• _Work to be completed_
Could you restate the data below word for word, without its pictures?

• _Input data_
"""

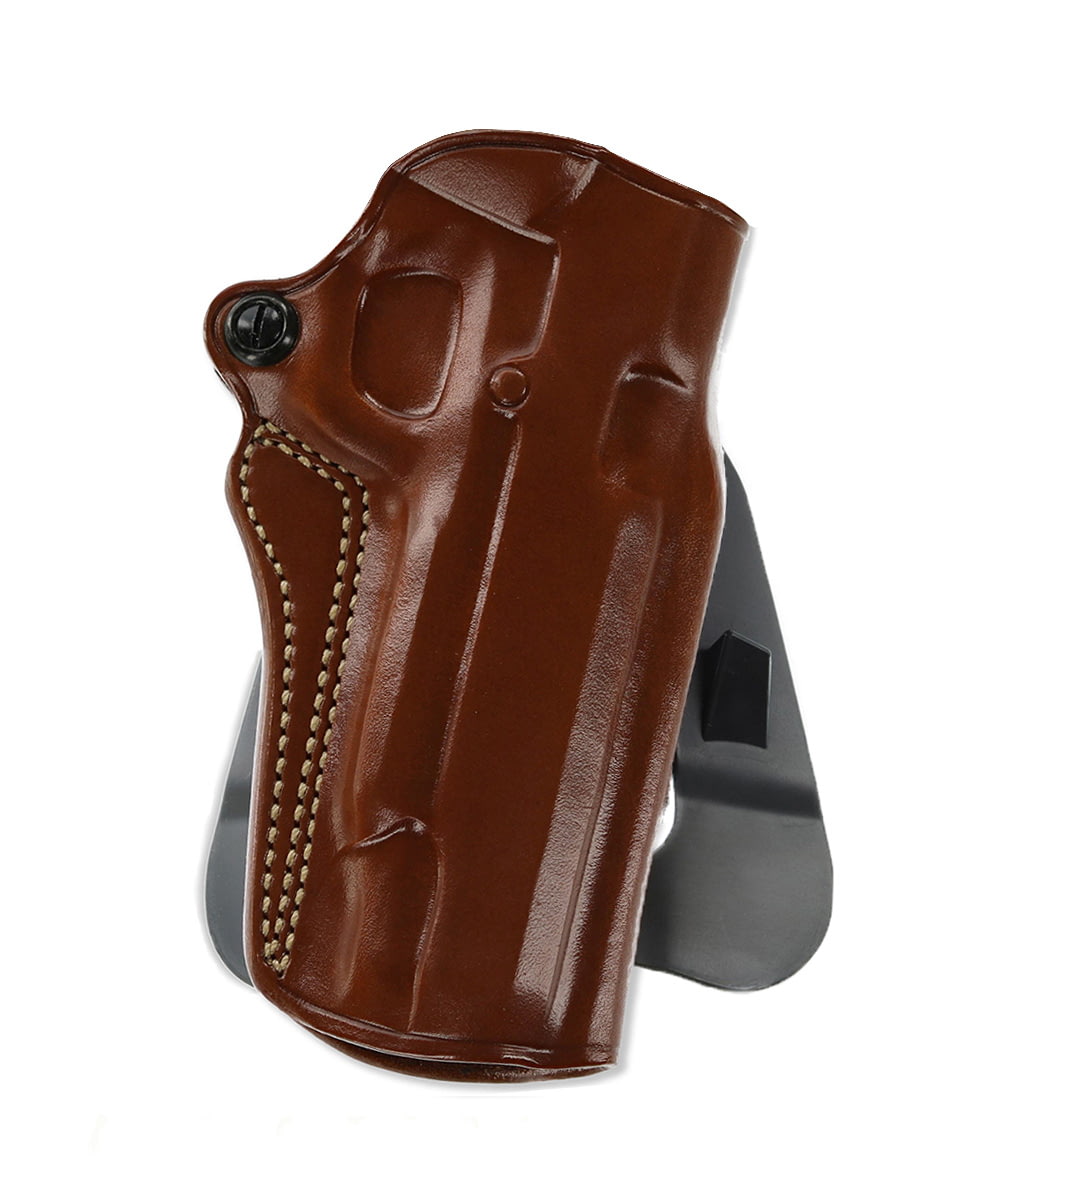 Galco Speed Master 2.0 Paddle/Belt Holster Right Hand Tan SM2-266R
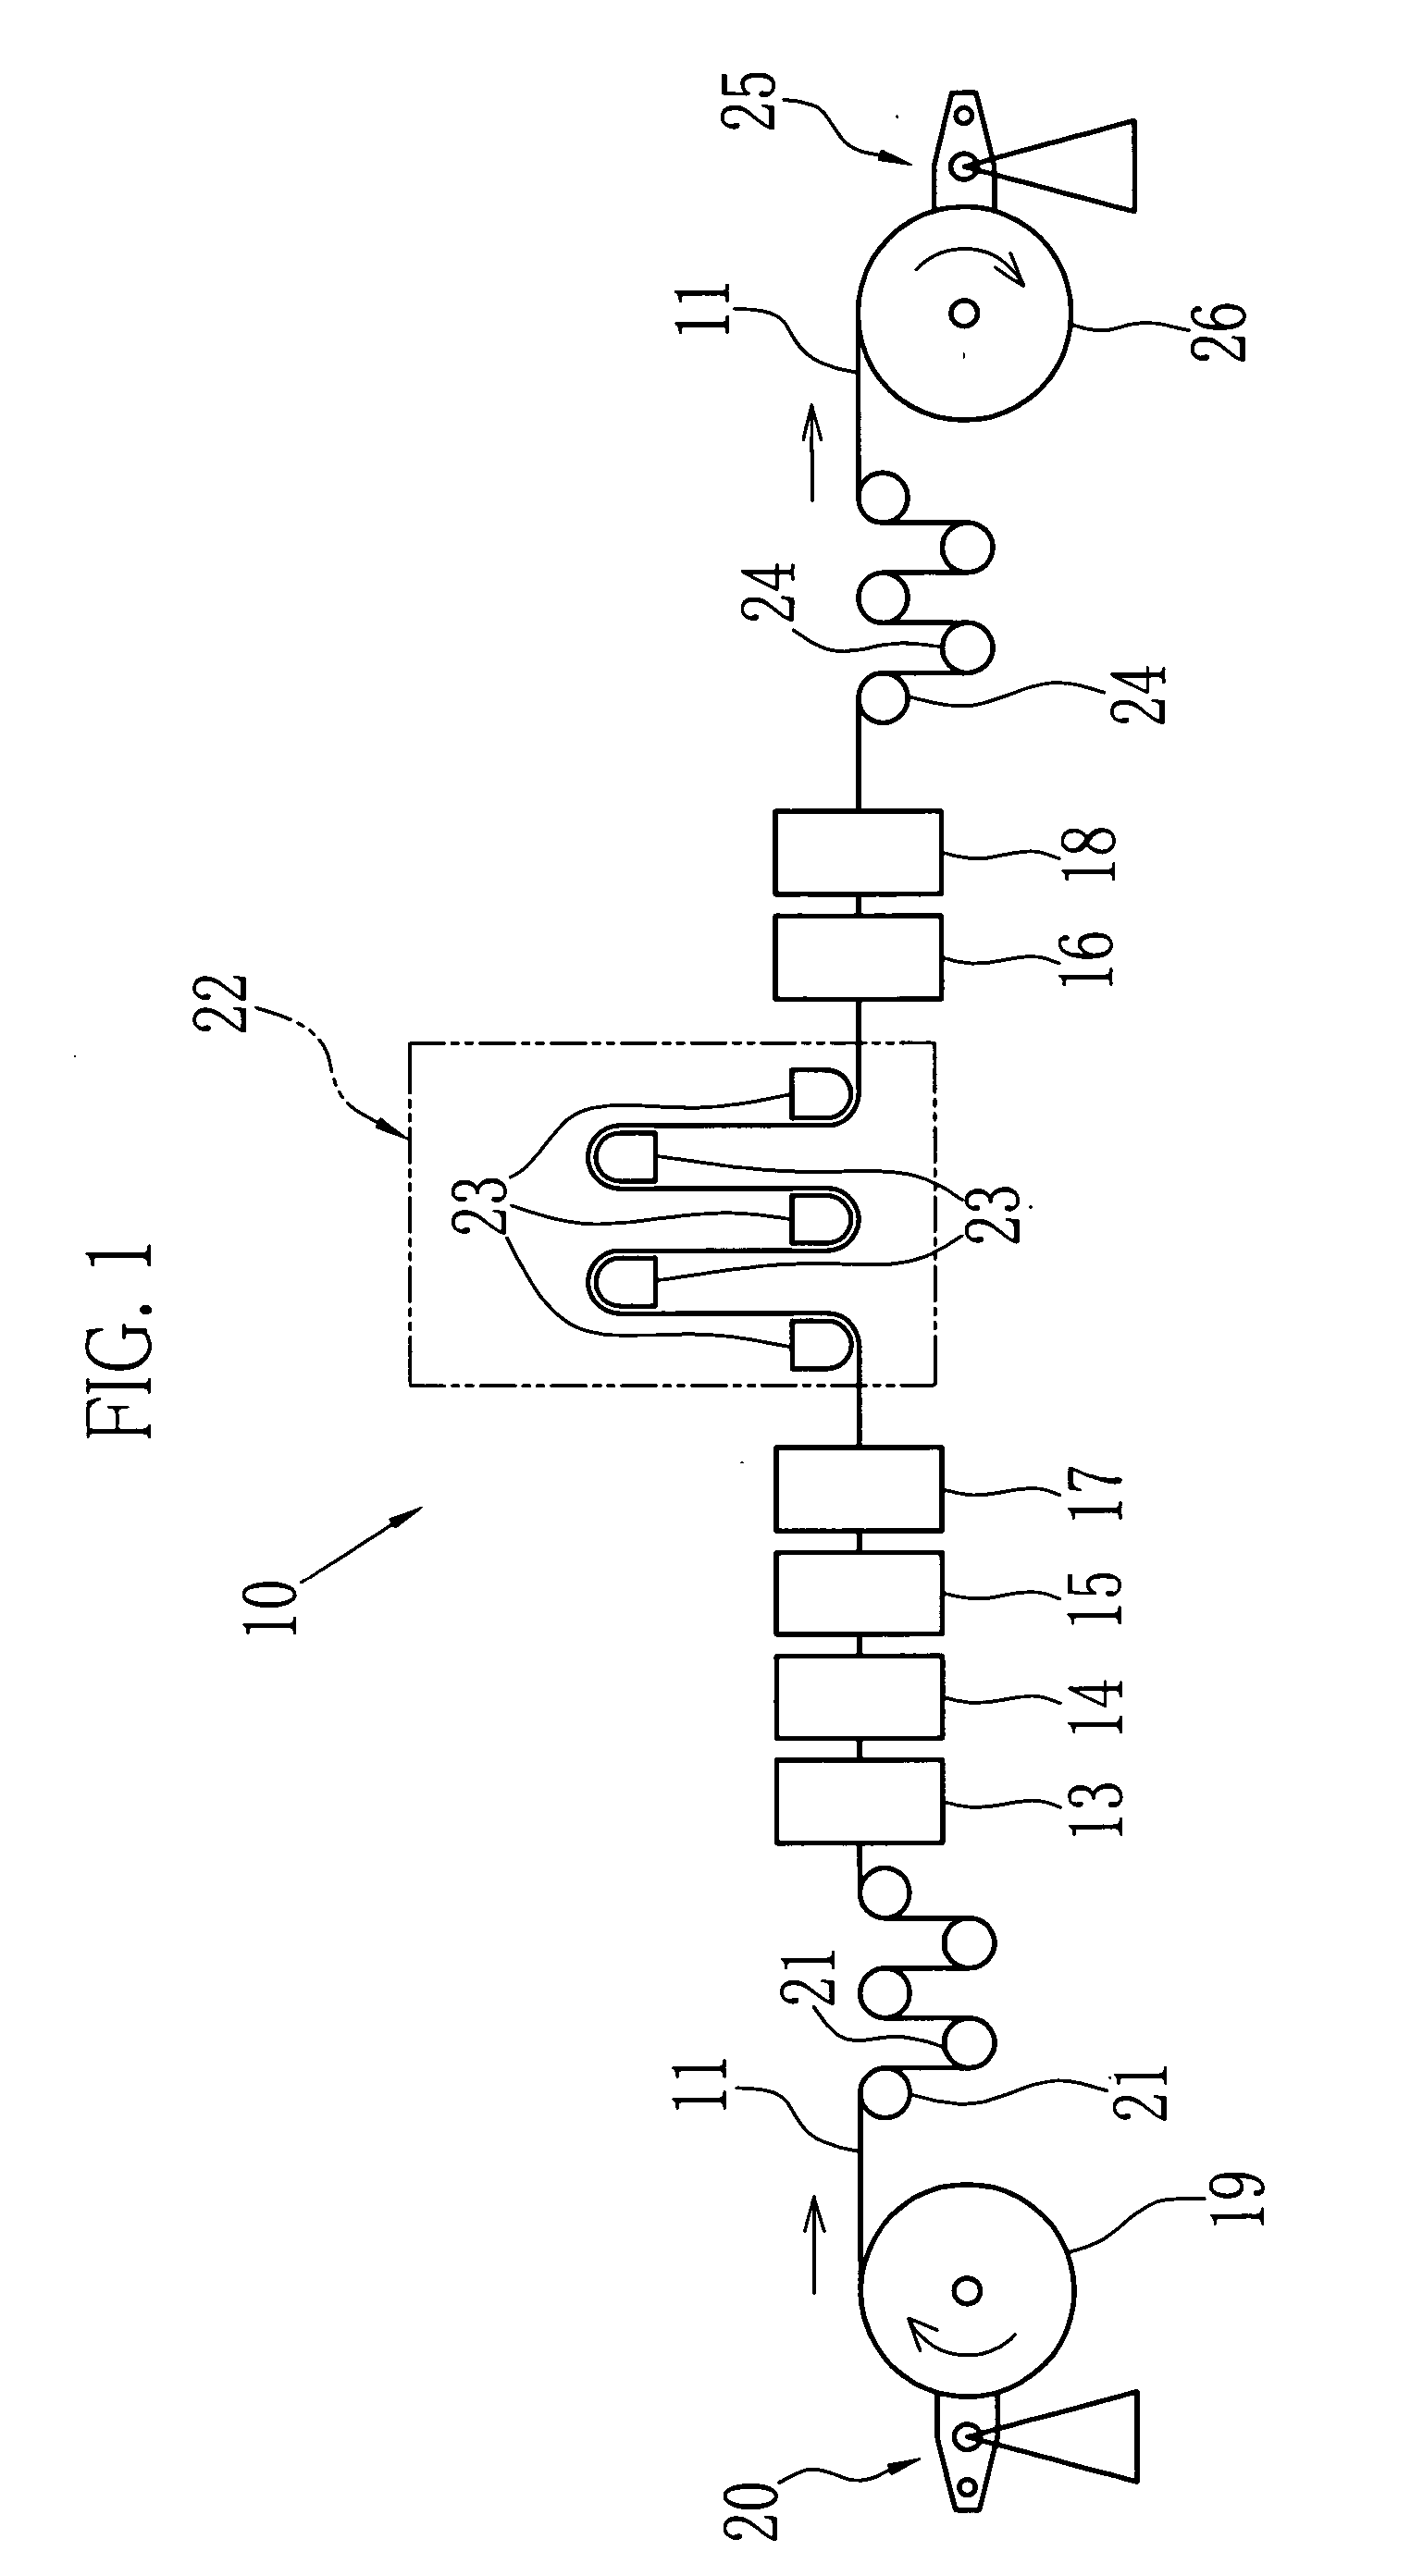 Noncontact web transporting method and apparatus
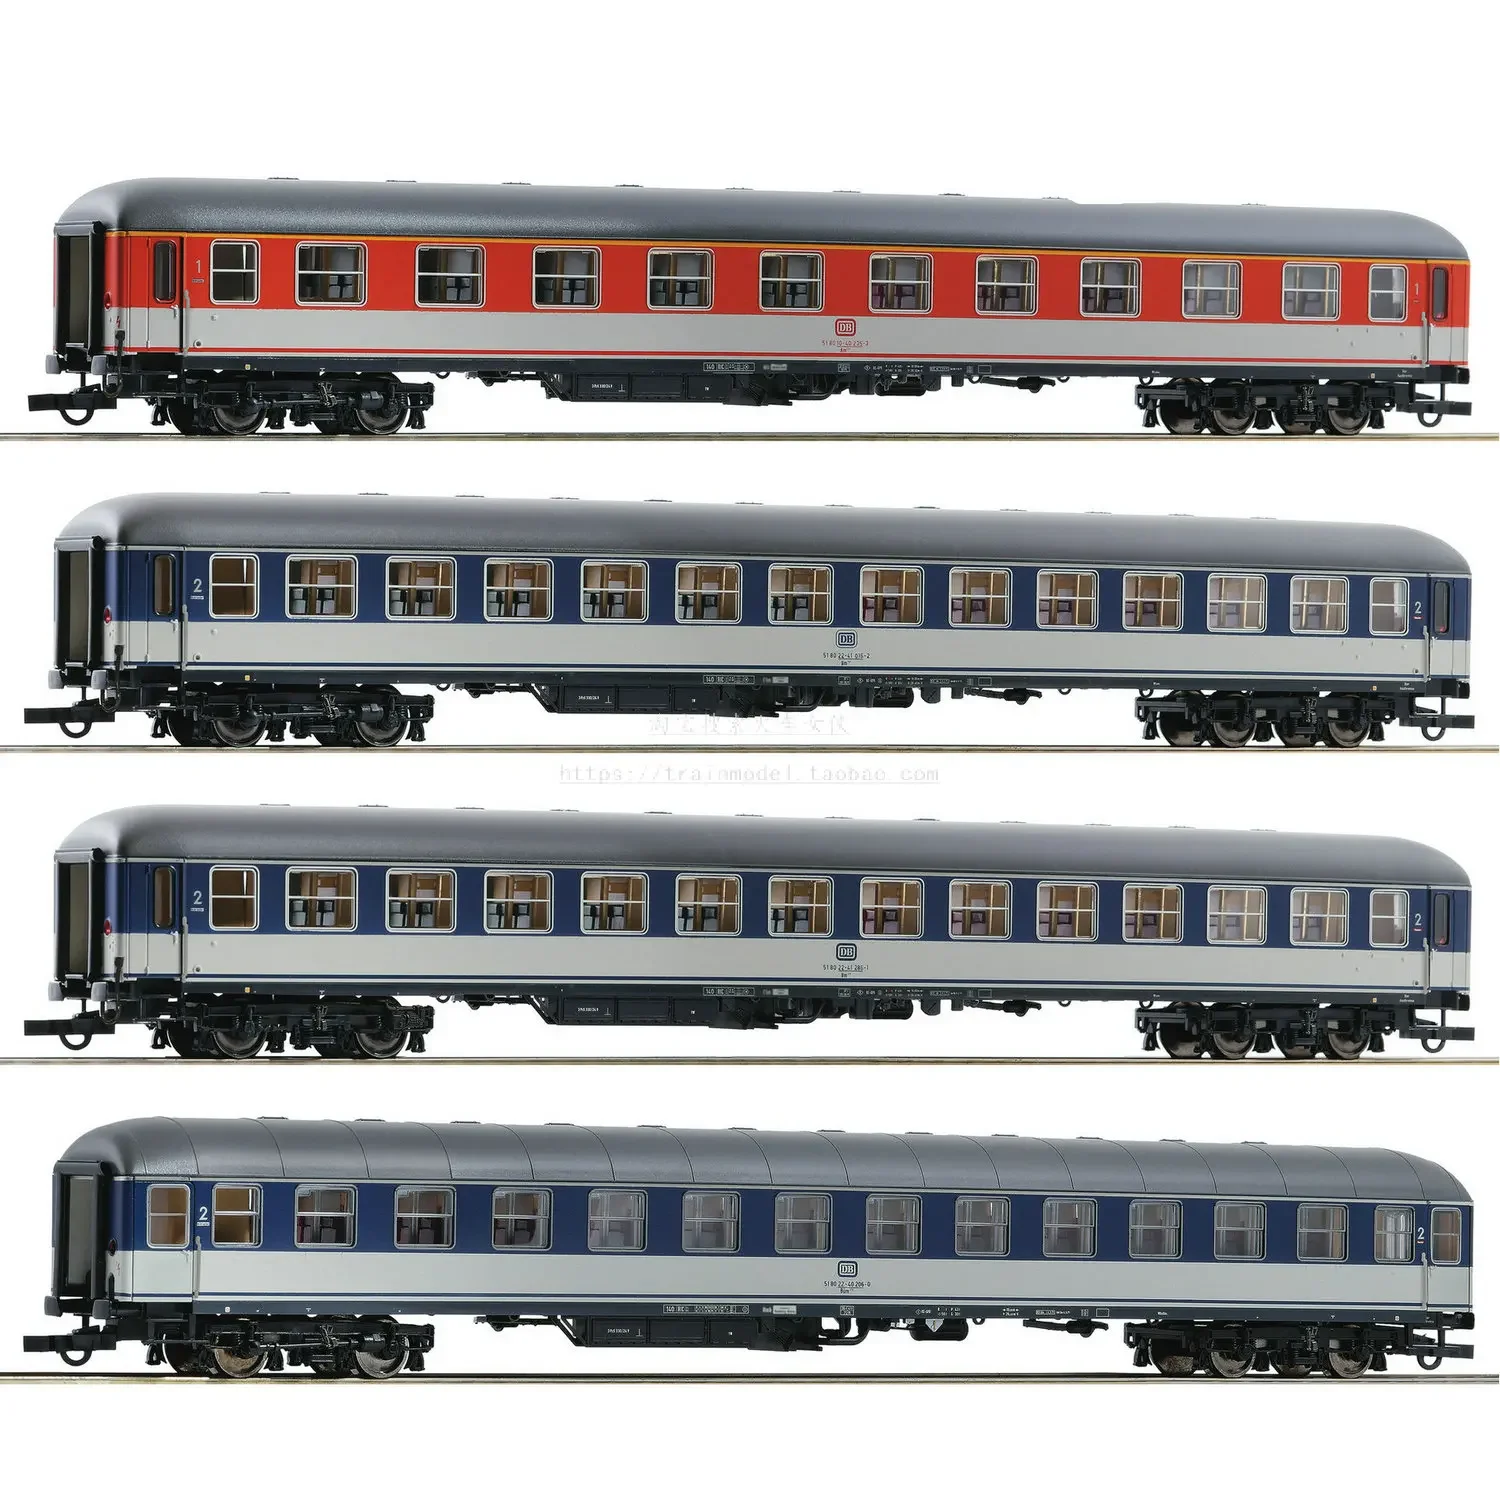 

Diecast 1:87 Scale European ROCO HO 74025 German DB Fourth Passenger Car Four Muenster Line 4pc Train Model Collection Toy Gift
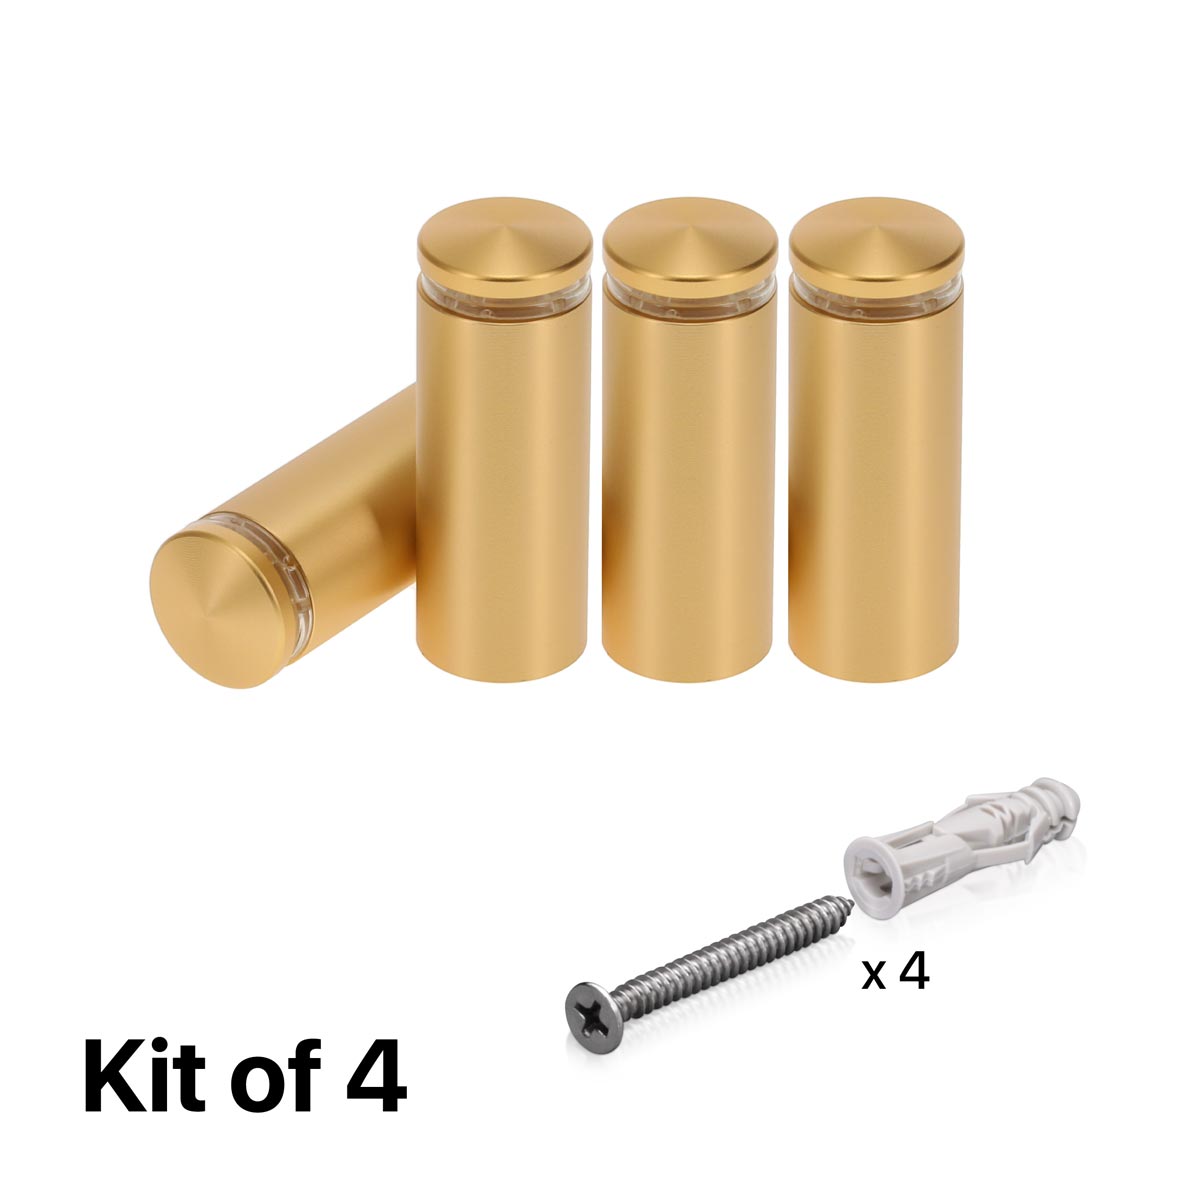 (Set of 4) 3/4'' Diameter X 1-3/4'' Barrel Length, Alumi. Rounded Head Standoffs, Matte Champagne Anodized Finish Standoff with (4) 2216Z Screws and (4) LANC1 Anchors for concrete or drywall (For In / Out use) [Required Material Hole Size: 7/16'']

"""

• _Expected answer_
 Galco Speed Master 2.0 Paddle/Belt Holster Right Hand Tan SM2-266R
 Noncontact web transporting method and apparatus

Diecast 1:87 Scale European ROCO HO 74025 German DB Fourth Passenger Car Four Muenster Line 4pc Train Model Collection Toy Gift
 (Set of 4) 3/4'' Diameter X 1-3/4'' Barrel Length, Alumi. Rounded Head Standoffs, Matte Champagne Anodized Finish Standoff with (4) 2216Z Screws and (4) LANC1 Anchors for concrete or drywall (For In / Out use) [Required Material Hole Size: 7/16'']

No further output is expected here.